◆ Task to carry out: Find "Long Dangle Beads" in the material, then return exactly the line containing it and all lines after it to the end, leaving out pictures.

◆ Collected data:
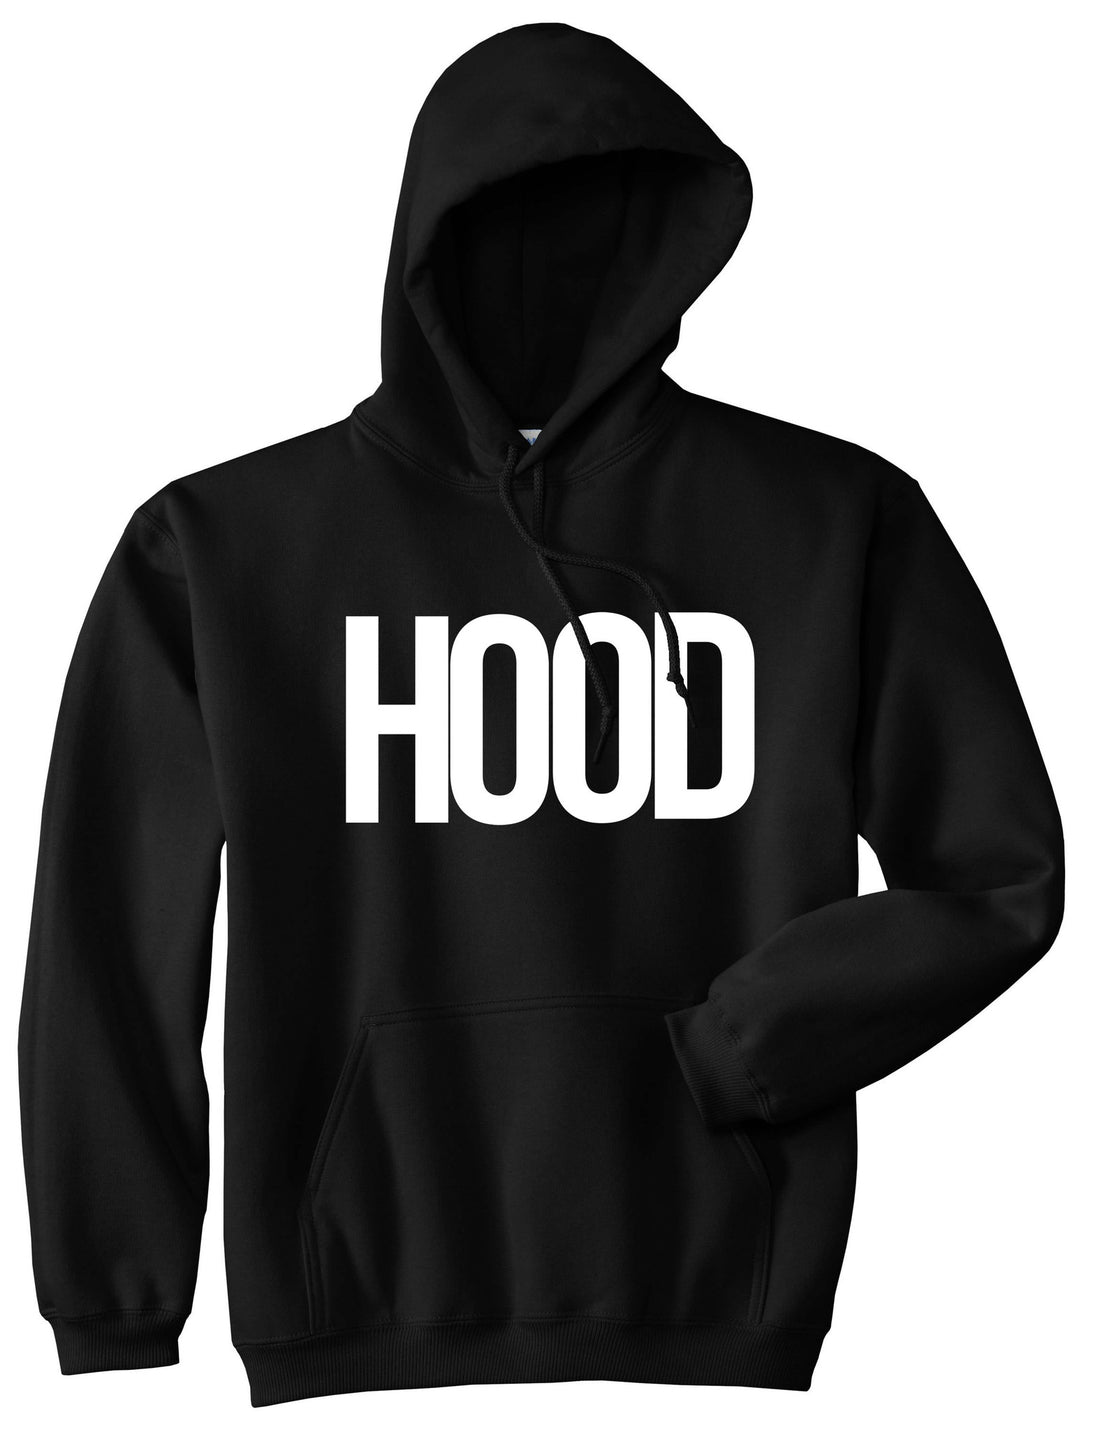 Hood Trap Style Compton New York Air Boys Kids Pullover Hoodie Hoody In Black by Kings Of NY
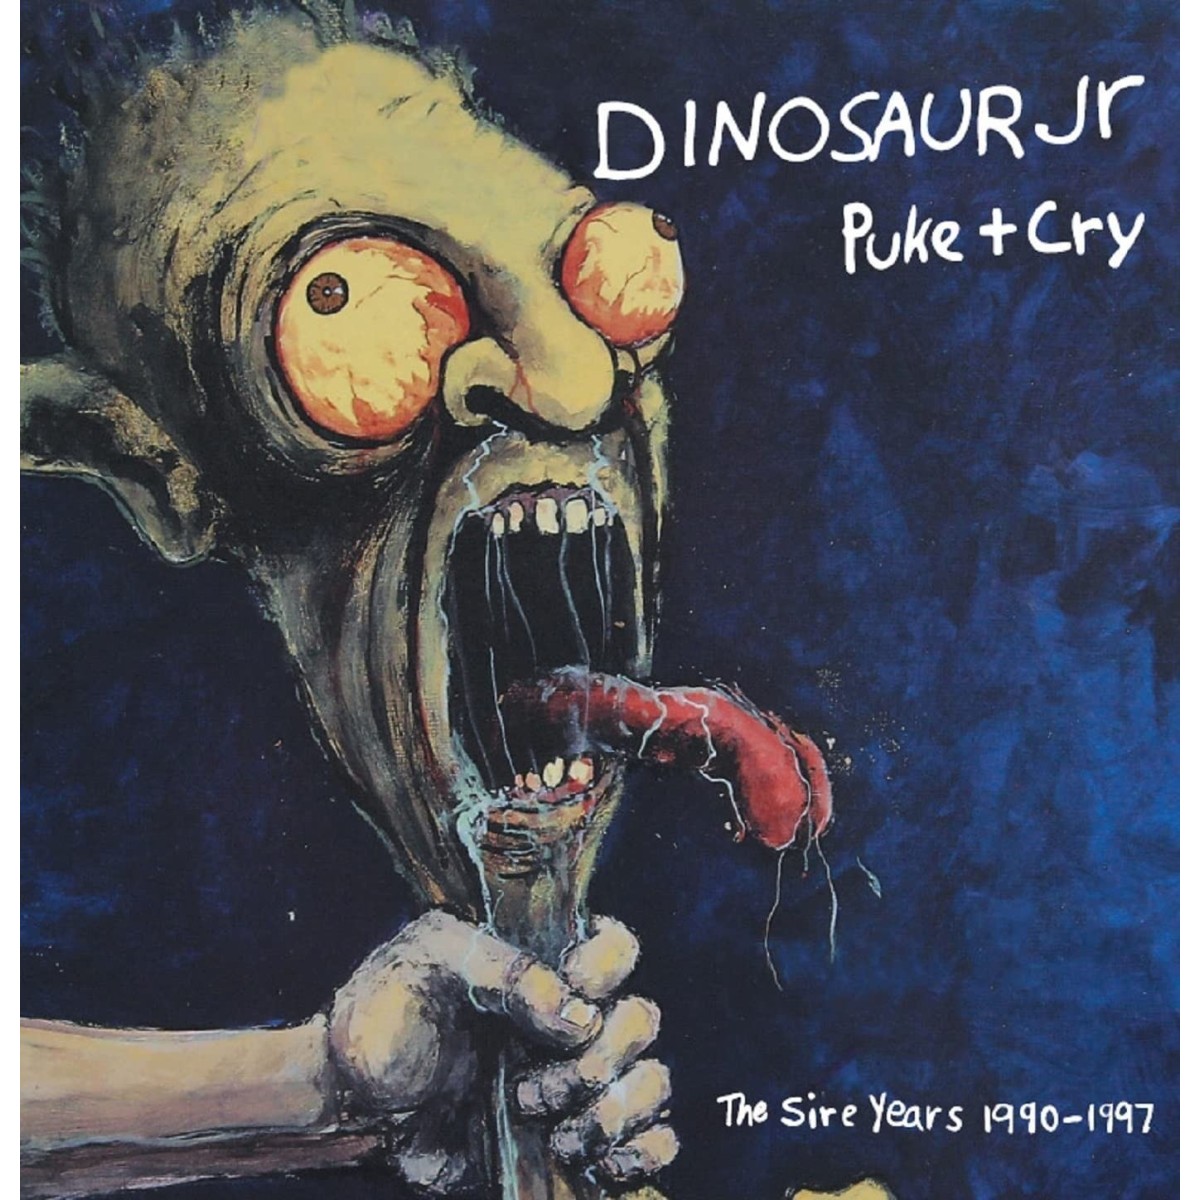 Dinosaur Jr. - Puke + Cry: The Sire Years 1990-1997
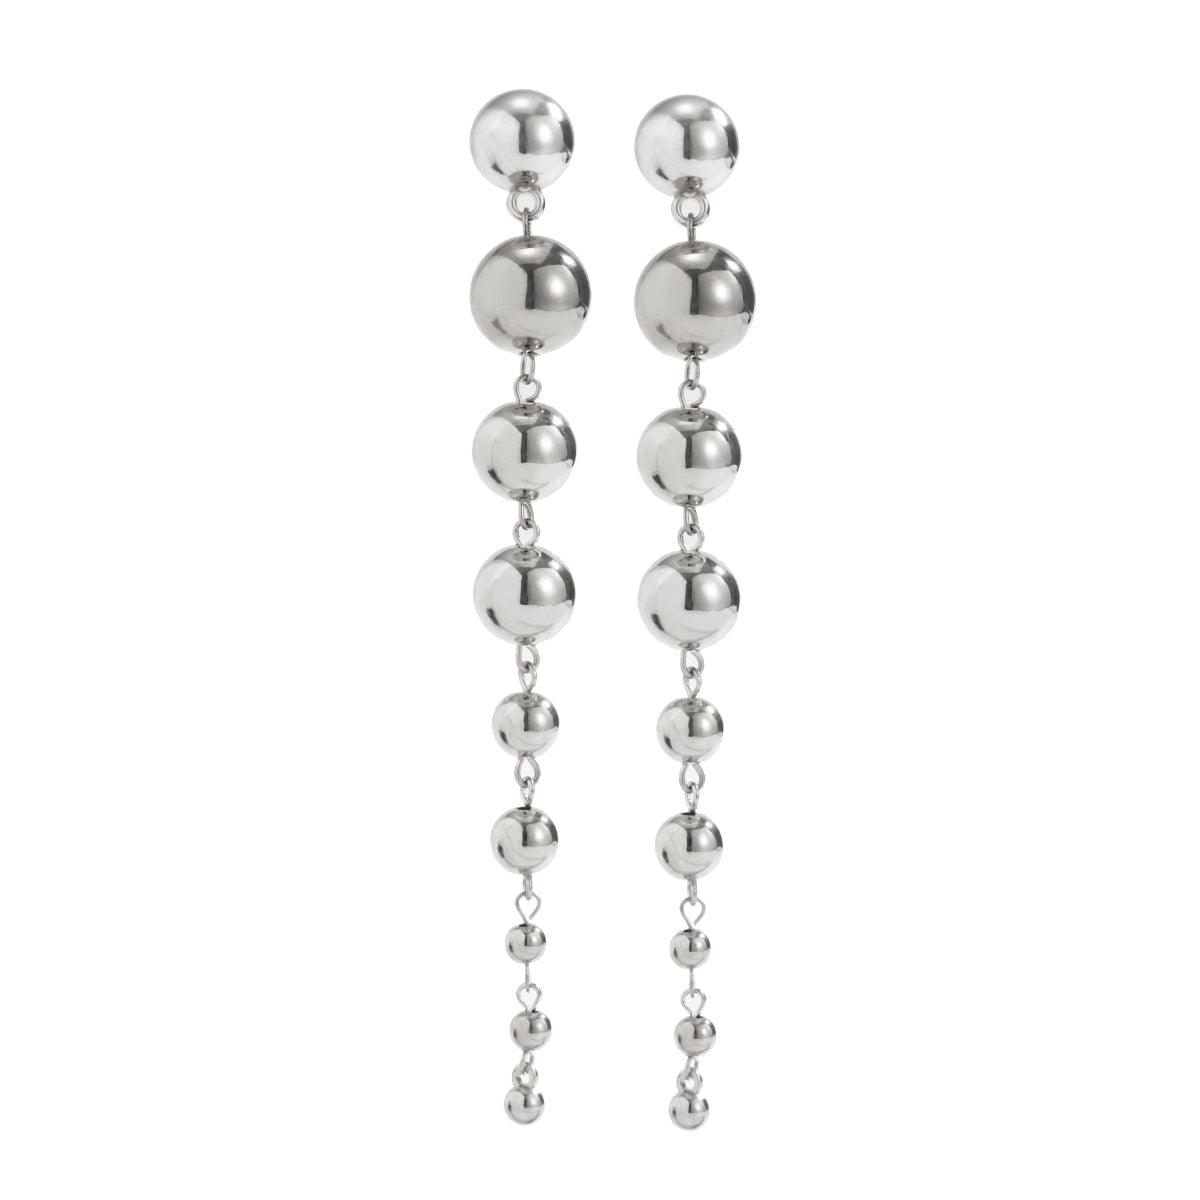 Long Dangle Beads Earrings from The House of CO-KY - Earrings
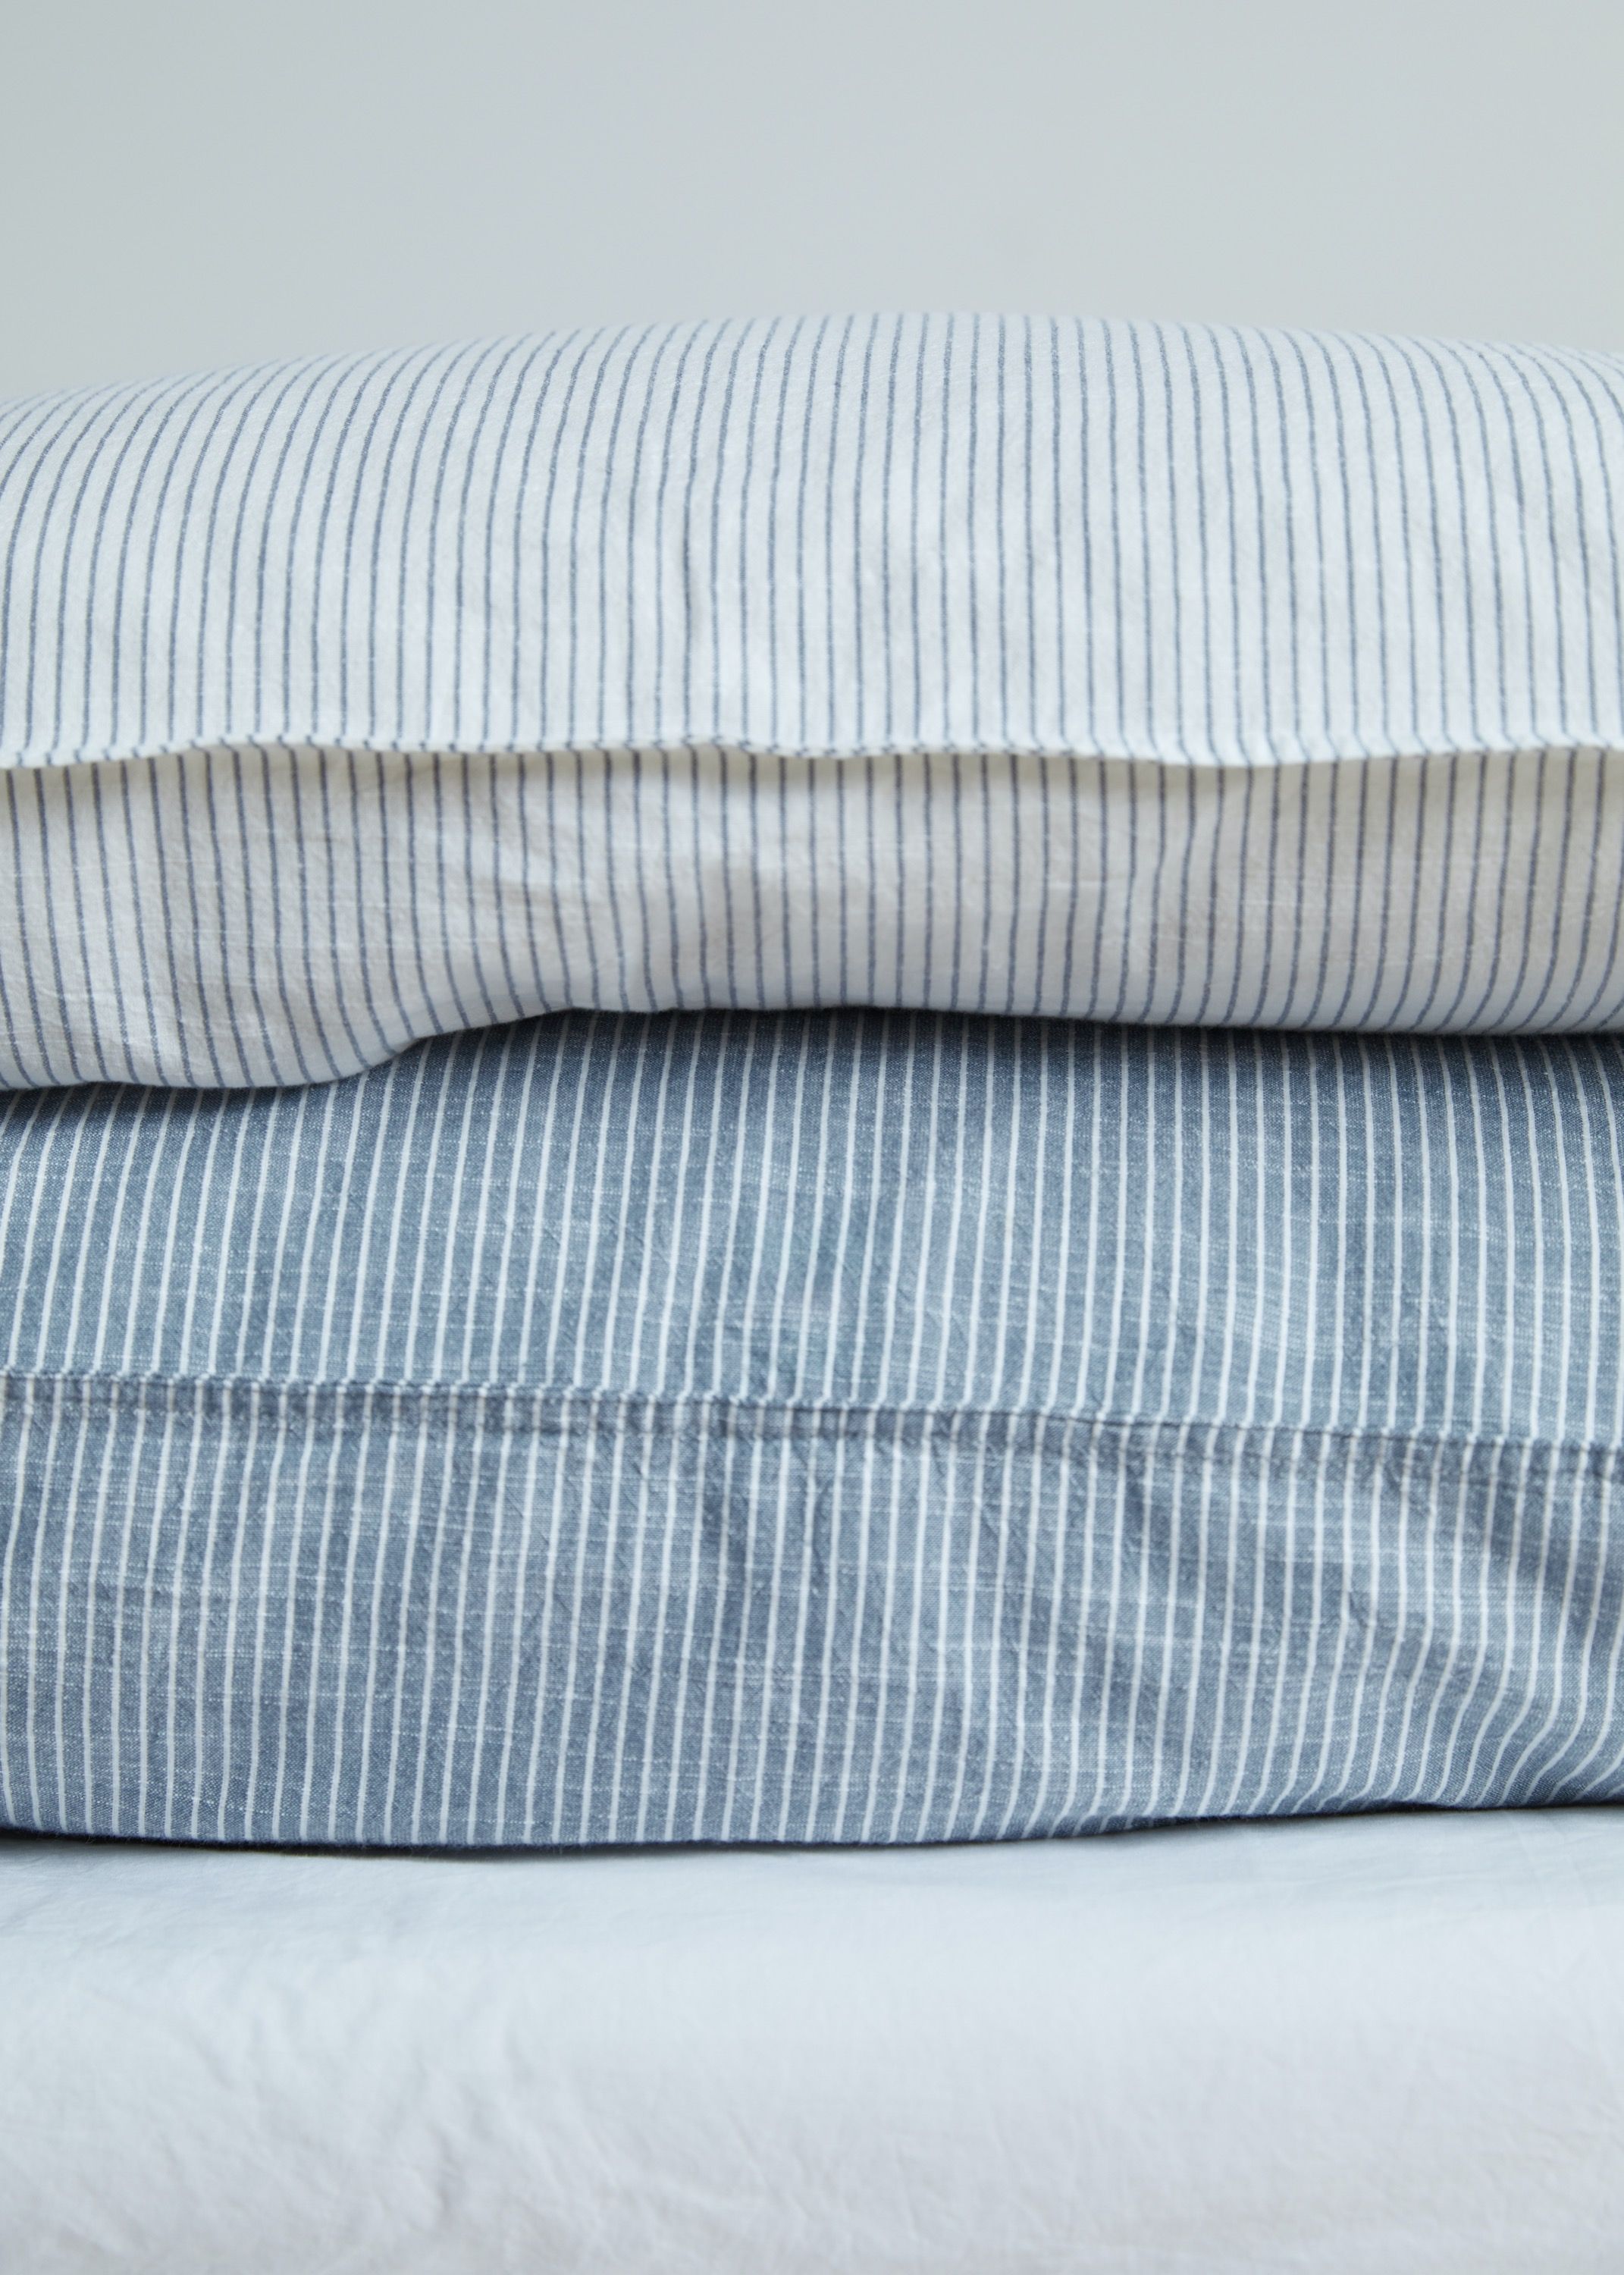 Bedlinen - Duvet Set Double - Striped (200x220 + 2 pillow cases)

◆ Written response:
 Long Dangle Beads Earrings from The House of CO-KY - Earrings
 Bedlinen - Duvet Set Double - Striped (200x220 + 2 pillow cases)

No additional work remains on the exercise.